Here the job is to repeat the listing exactly, but not the pictures in it.

Exercise data:
--- --- ---
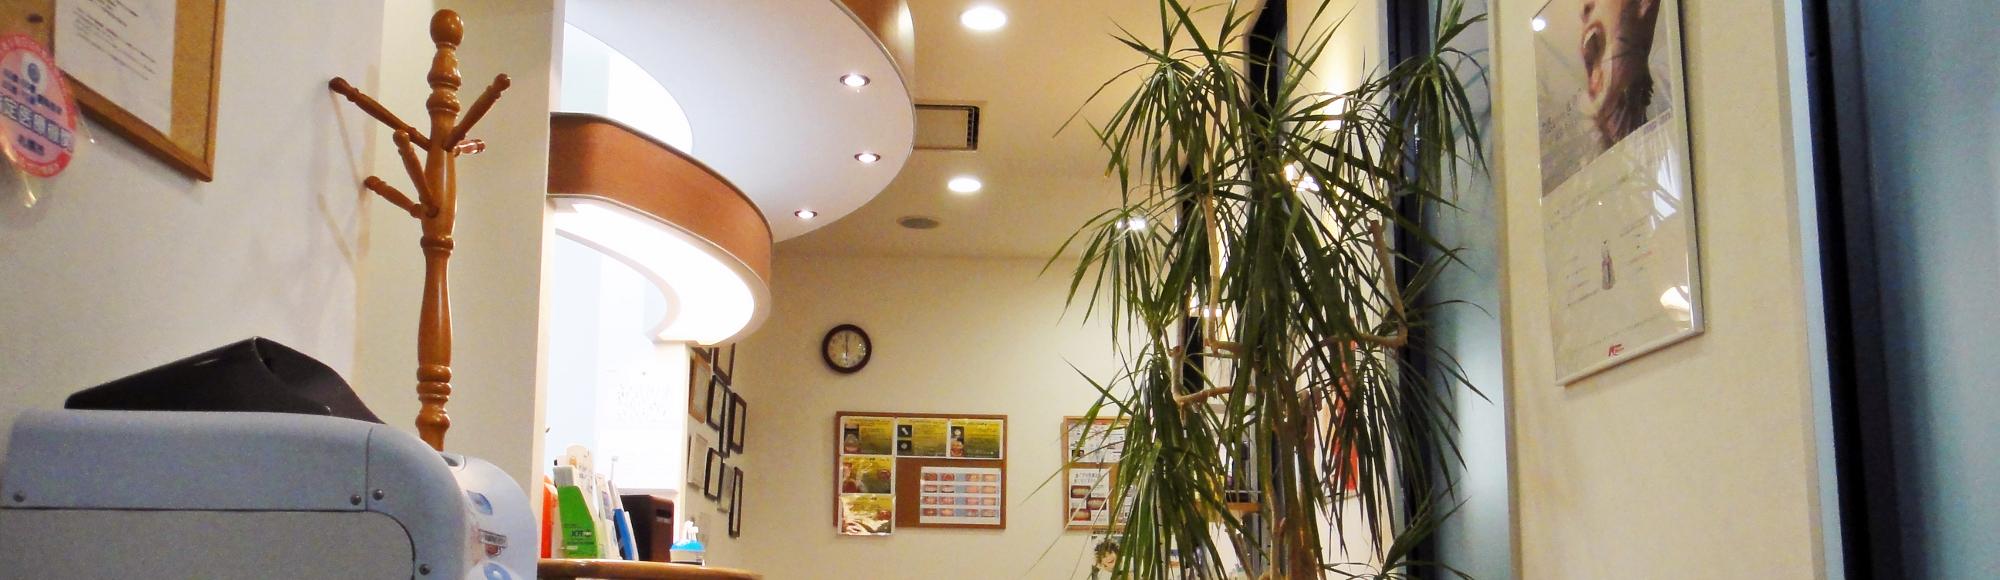 手稲区富丘の歯医者あきデンタルクリニックは予防歯科に力を入れています。
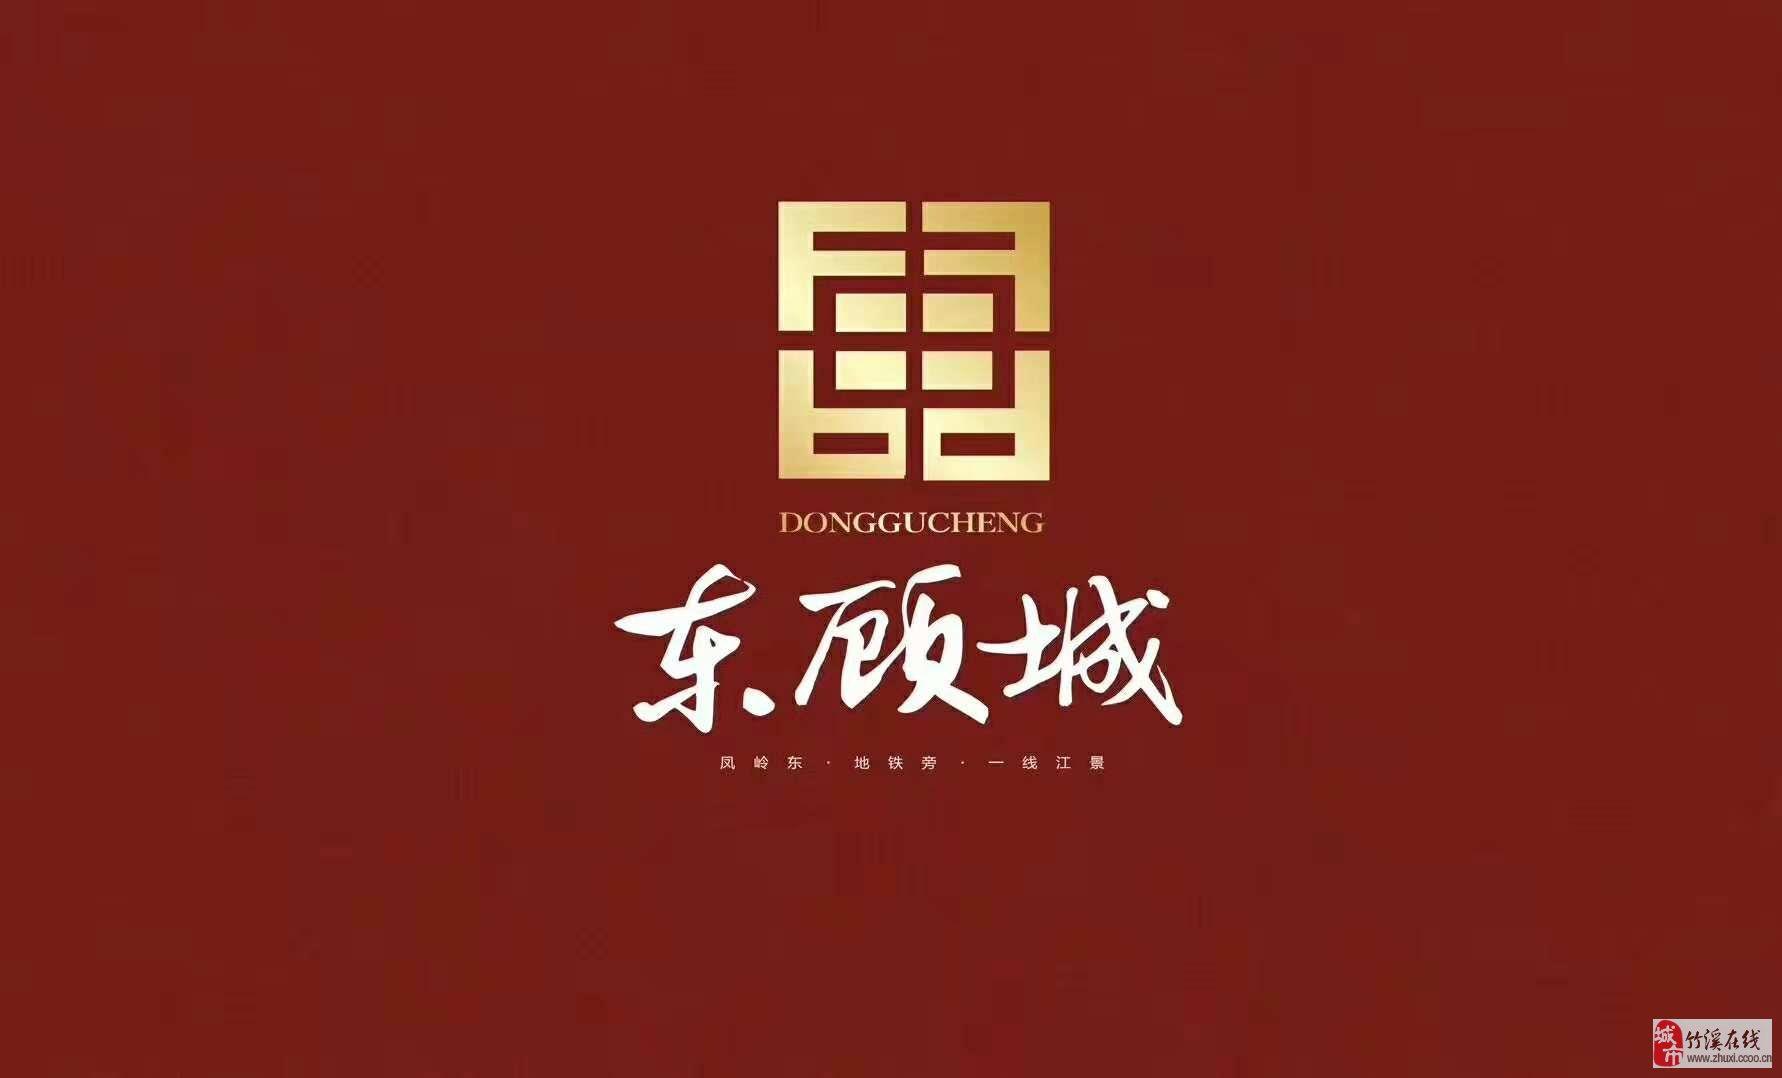 南宁东顾城是什么性质的?可以办理房产证嘛?
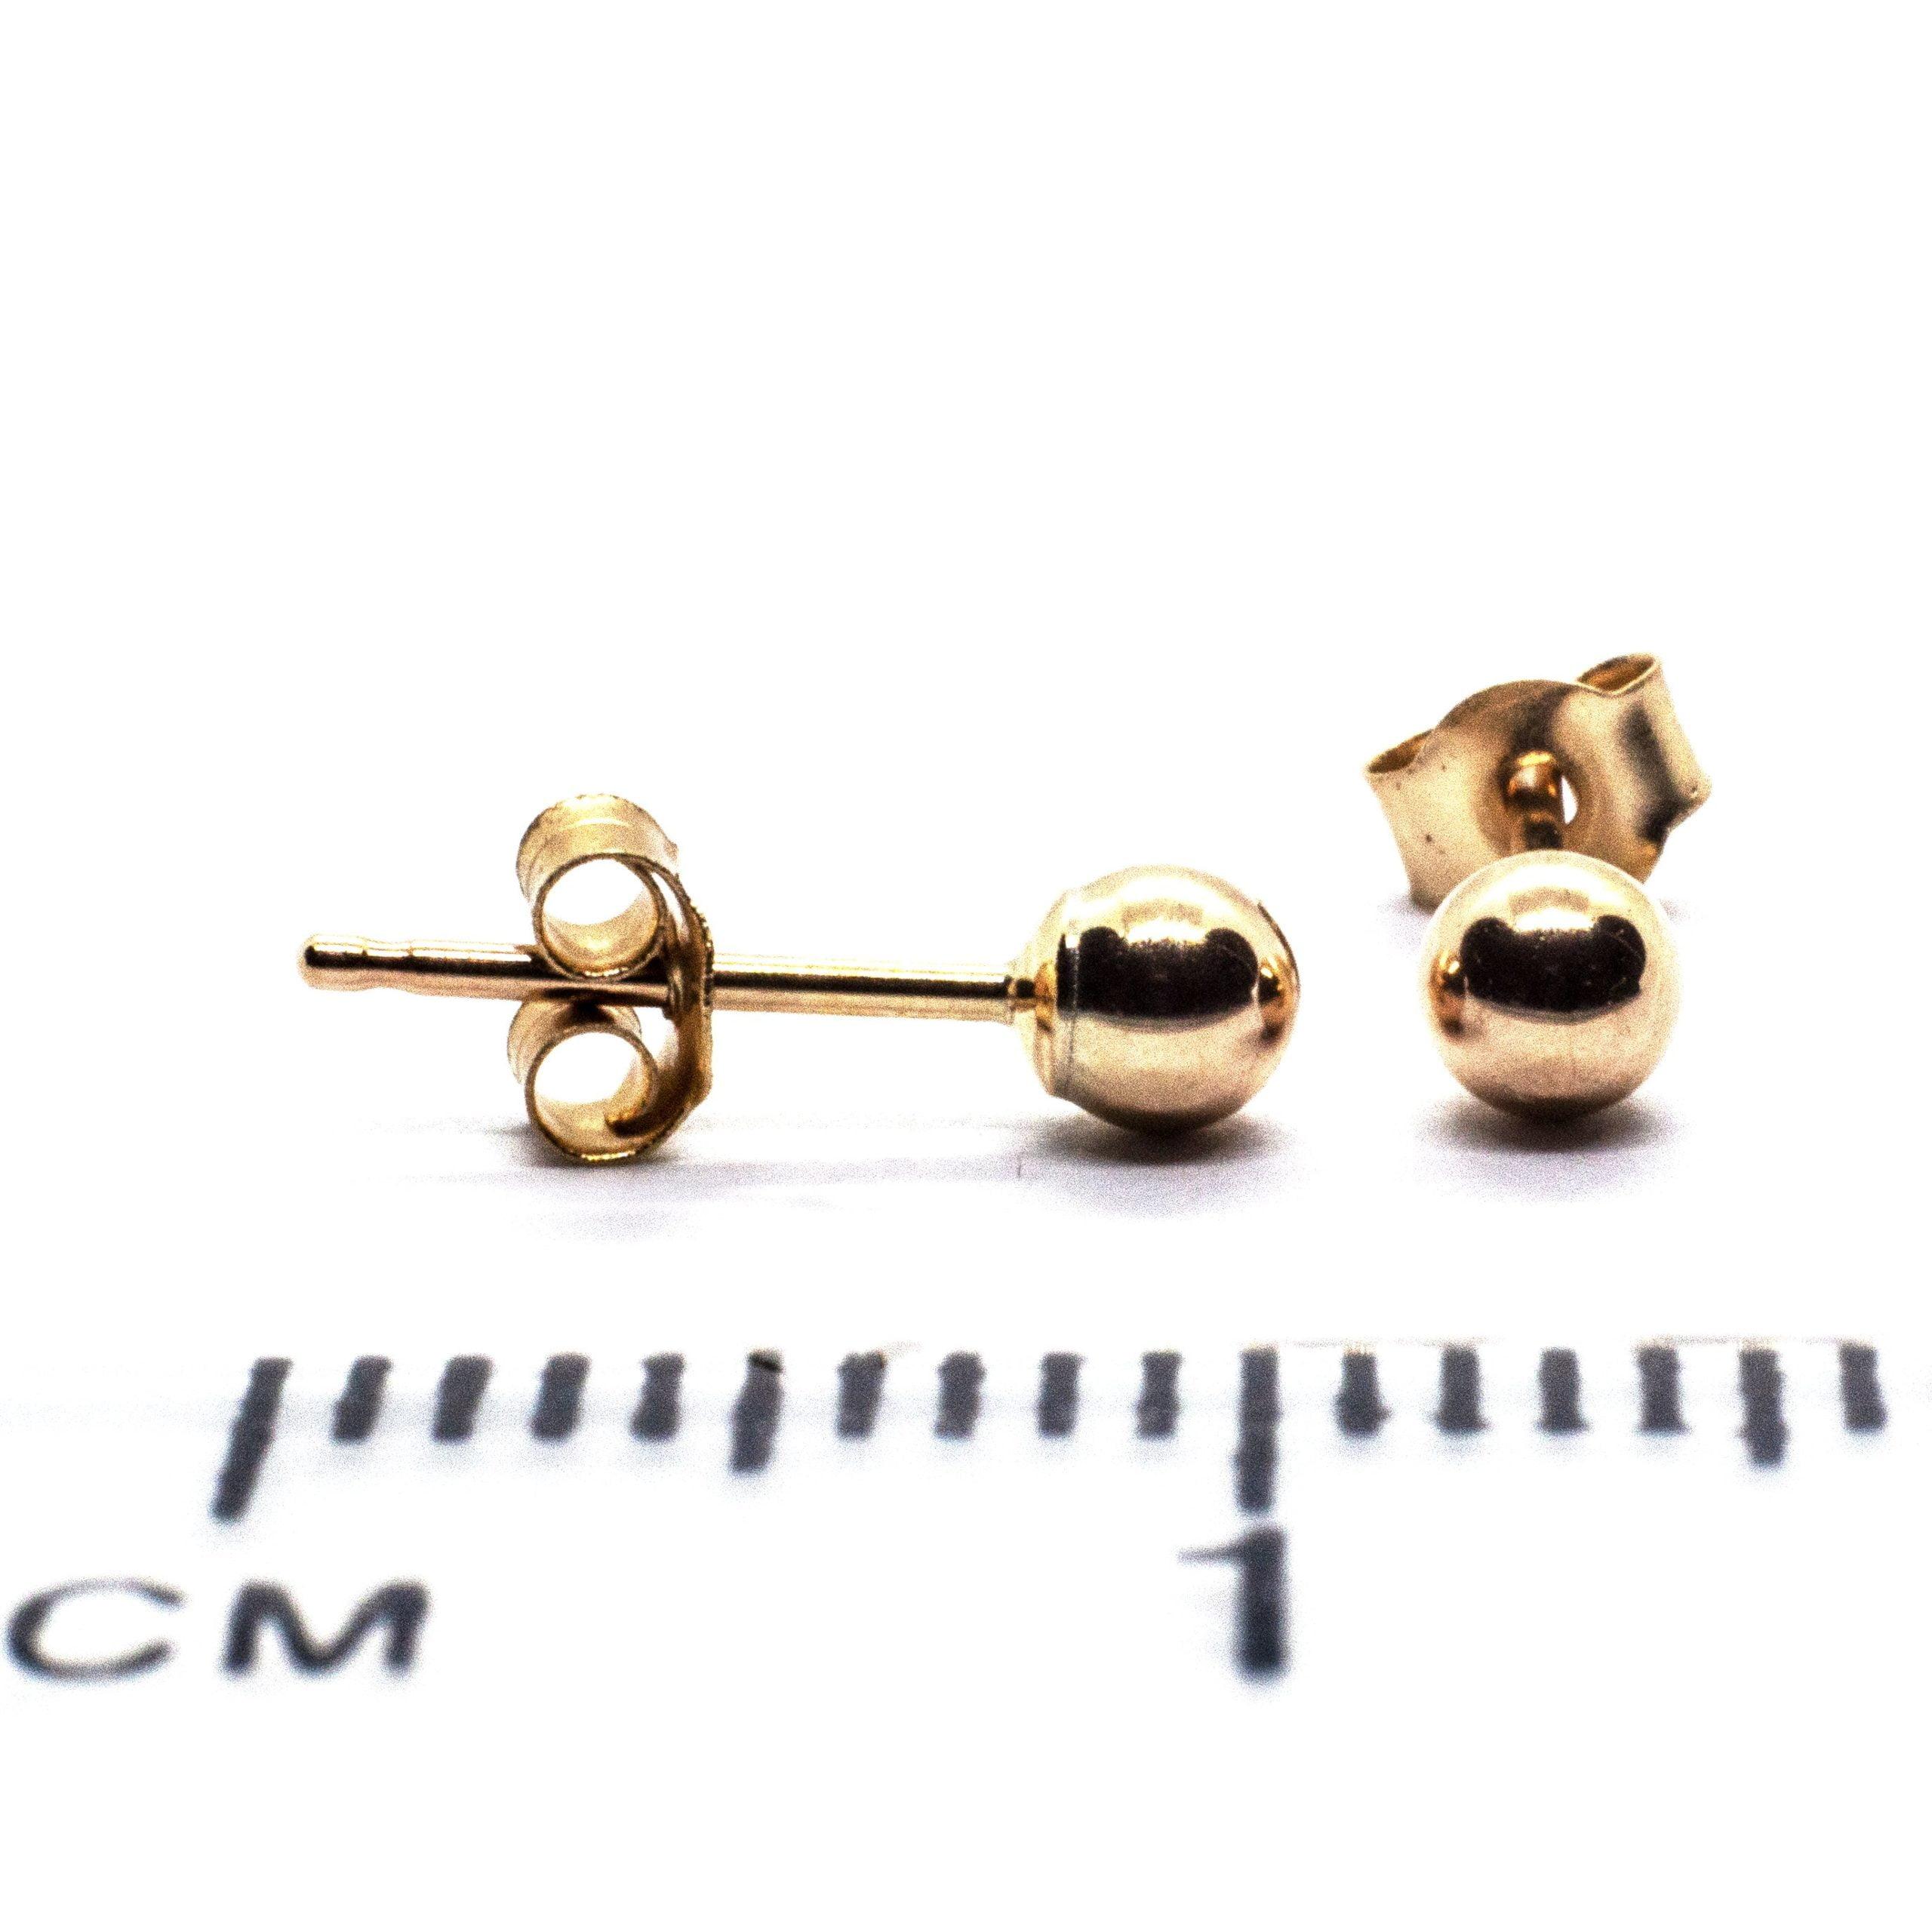 3mm 9ct gold ball earrings ruler
--- --- ---
Task response:
 手稲区富丘の歯医者あきデンタルクリニックは予防歯科に力を入れています。
 南宁东顾城是什么性质的?可以办理房产证嘛?
 3mm 9ct gold ball earrings ruler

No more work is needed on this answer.